To speed up things, the analyst has the option to send further OR flag multiple news at once using the confidence level returned by the model.

The quick video below displays this simple interaction

https://vimeo.com/1023465113?share=copy

For the sake of completeness I also included a quick heuristic evaluation according to the 10 Usability Heuristics by Nielsen Norman, which is by now an industry standard.
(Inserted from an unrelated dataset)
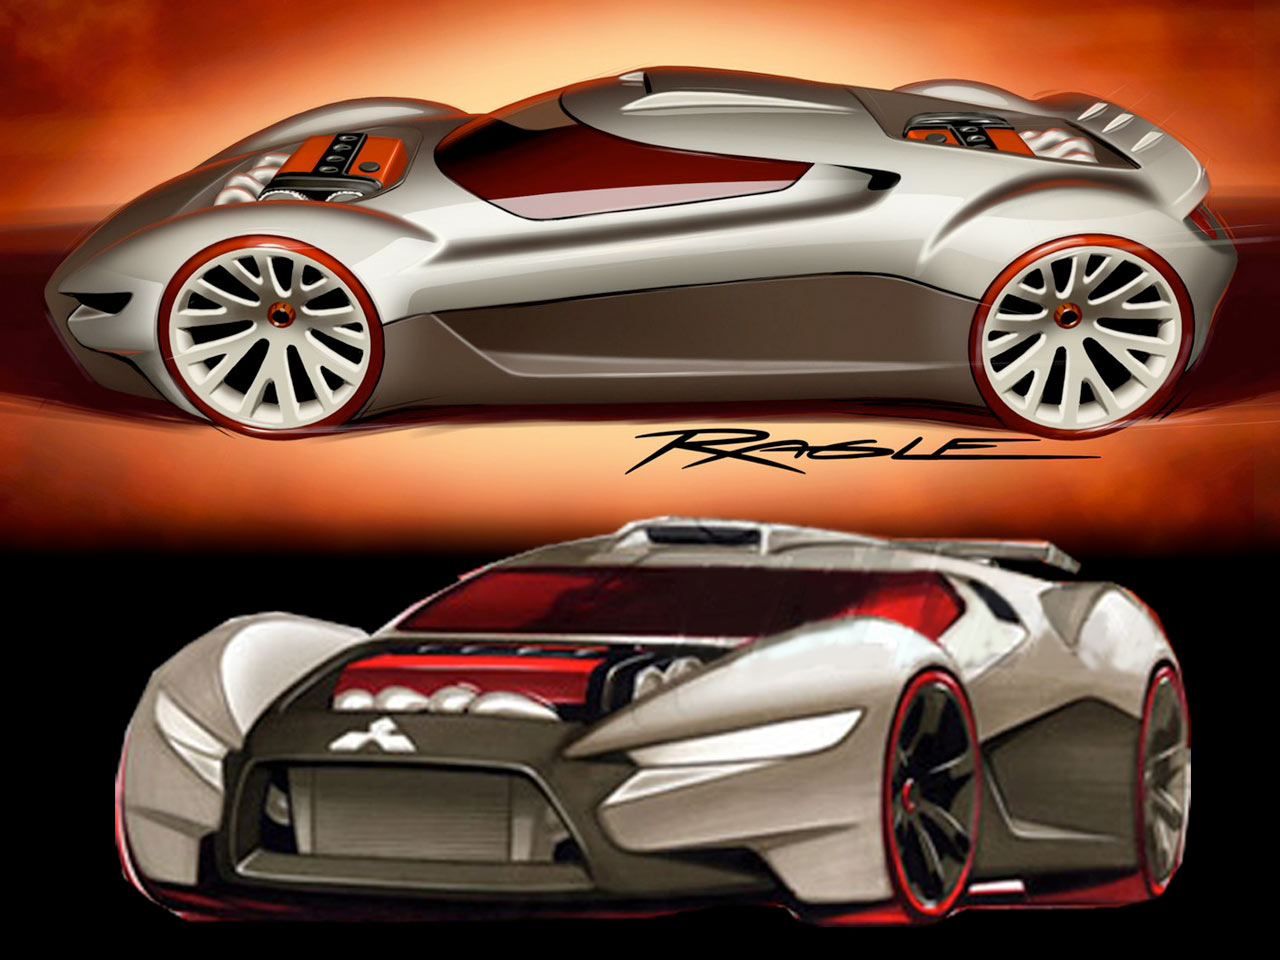 Autocar Hot Hatch 2020 Design Competition - Car Body Design

I think this is always a good strategy to follow when it comes to put the most skeptical stakeholders at ease… (have you ever heard: “yes, but why did you do THIS instead of THAT ?!?“)

Conclusions and next steps

After training the model thru the first batches the results are encouraging but there is still a lot to be done to increase accuracy:

Named entity recognition improvements, the spaCy library performance could be easily increased but this would be perhaps a separate project, a few ideas:

  • Providing lists of known companies and tweak the parameters a bit.
  • Swapping the en_core_web_sm for the larger or medium version.
  • Using a Custom Model: with a specific domain or language, training a custom model can significantly improve performance and accuracy.
  • Consider Alternative Libraries: explore other NLP libraries like Hugging Face Transformers or AllenNLP.

The confidence score methodology needs to be revised to take into account missing company names and still returning high score. Being this whole project a Proof of Concept exercise I didnt have the ambition of getting everything right by myself. Despite my will to keep going, I had to realize that this would be the point to pass the whole thing to a Data Scientist for proper development. I did learn a lot though!